What did the police care about another brother cut to ribbons? Another shadow, a clandestino?
The cops would note the fine bottle-black of the victim’s Shabeeleh Valley skin, and they would ascertain that he’d gone by the name La Cia. They would determine, given the way in which he’d died, that he’d hustled after whatever rough sexual comfort he could find. They might even figure out that he’d preferred men. With that, the authorities would have a report, nicely typed, along with a list of the evidence found at the scene. Throw in a few turn-your-stomach snapshots, and they’d have a file. An official file labeled in block letters and assigned a drawer.
Tonight, back in the building’s stairwell, Eftah had put it this way: "I’ve lived in Naples too long to have illusions about the law."
And Aristofano’s distant relation had lived here far longer. Eftah admitted to 45, though like Giussi he much preferred a nattering game of Pin the Age on the Clubhound. Then too, like La Cia, both Giussi and the cousin had a tenuous standing under Italian law. Eftah had set down an anchor, in this country — he held title on three apartment buildings, somehow — but Giussi was almost as much a clandestino as the victim. He scratched together a living, mostly in film and performance, and so every year brought some fresh wrangle about his work visa. The hoops an immigrant had to jump through, here in Italy, supplied Giussi’s stage shows with some of their wittiest sneering. But a low opinion of the authorities was hardly limited to folks with his or Eftah’s skin-tone.
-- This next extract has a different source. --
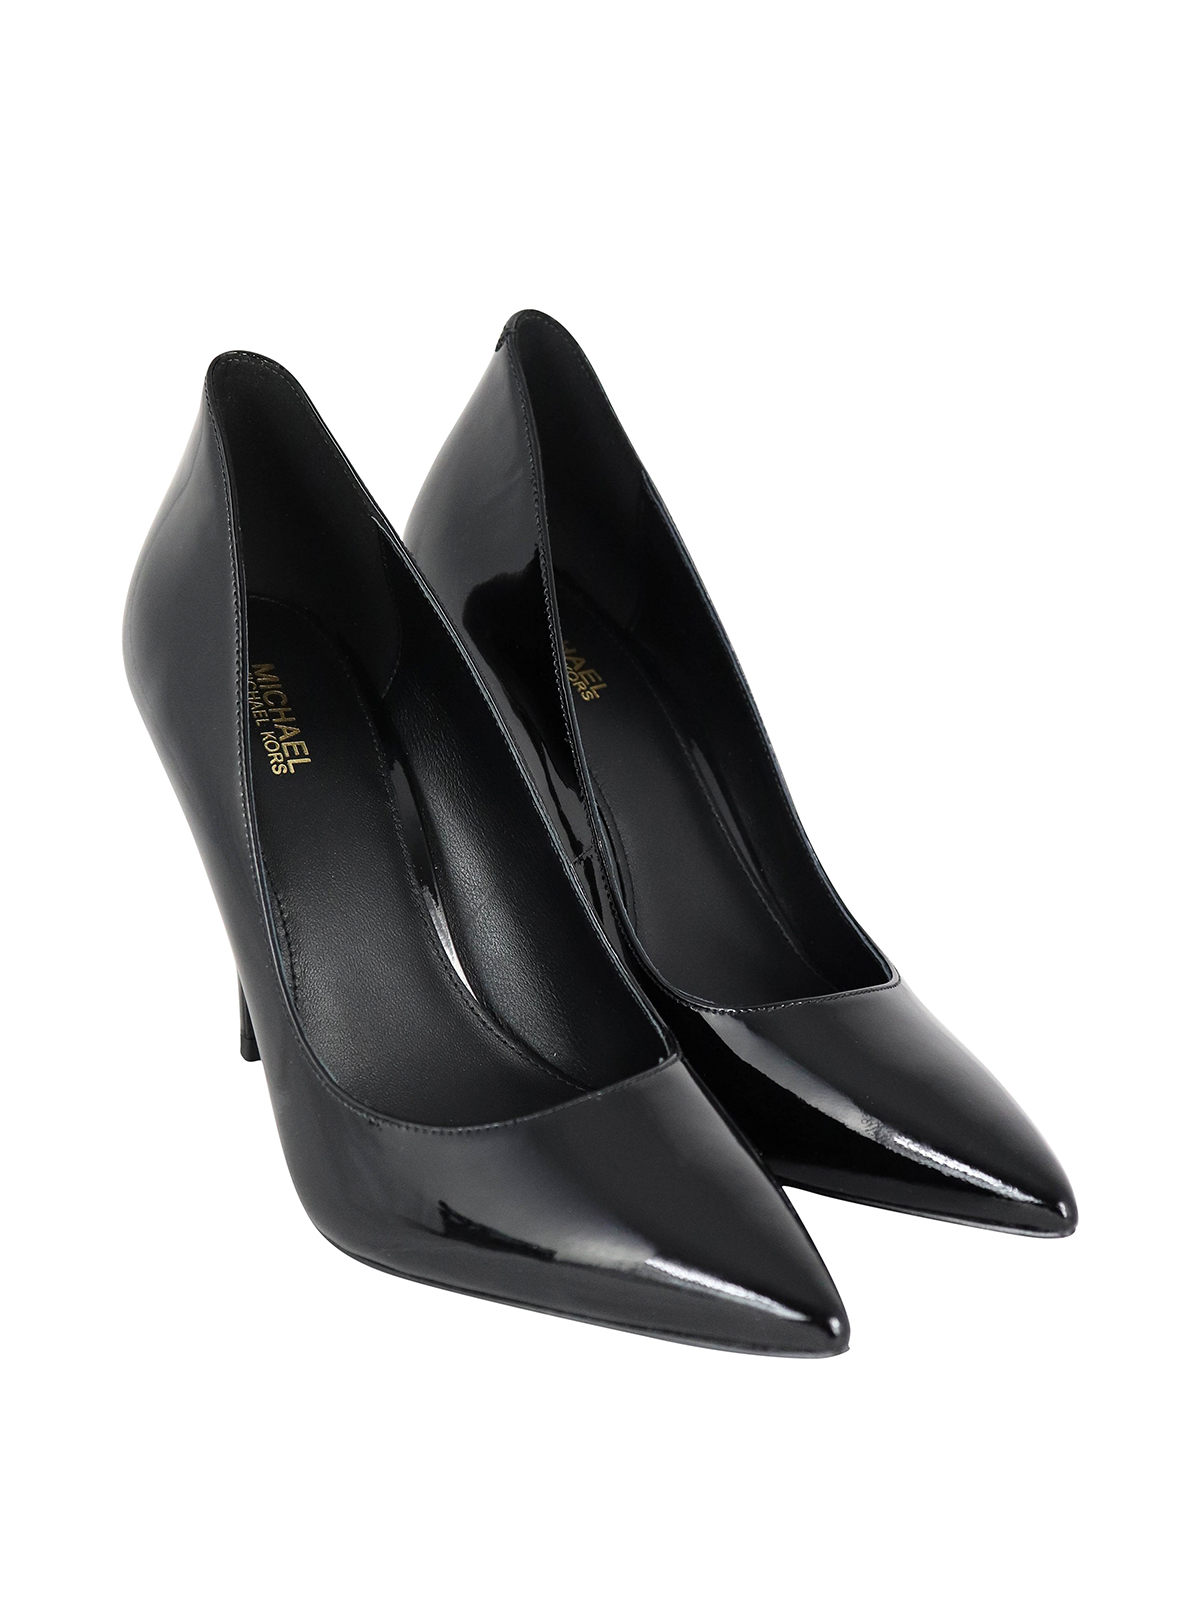 Court shoes Michael Kors - Keke black patent leather pumps - 40F9KEHP1A001

White Italians too, or savvy ones like Aristofano’s wife, could see that the homicide had already become a political football.
Ordinarily a crime like this, smeared with the warpaint of perversion, would’ve been beneath the attention of the mayor and the regional governor. Yet since the discovery of the body, midnight Friday, both these ranking local politicians had given the case a good deal of lip service. They’d thrown around expressions like "the new and welcoming Europe." The city’s mayor complained in particular about where the killing had taken place. The scene of the crime had been another "irregular" dance club, like tonight’s roughhouse venue. La Cia had bled to death in the former back office of a clothing factory, where the lone window was papered over with a notice under the seal of the Regione di Campania, a warning that the building was too dangerous to enter. But then again, if you asked the governor of the Regione, he’d say the setting was incidental. The governor went on a harangue against the immigration agencies. If the agencies had been doing their job, they would’ve had this illegal on a boat back to Africa long ago. The blame for the murder, in other words, lay at the feet of the national government, the party in power up in Rome — the party of the mayor. The opposition to the governor. His Regione had responsibility for condemned buildings, while the mayor’s Commune were supposed to ride herd on the folks who hid out in them. High-sounding charges flew back and forth. In no time, Aristofano’s wife had started to look dubious.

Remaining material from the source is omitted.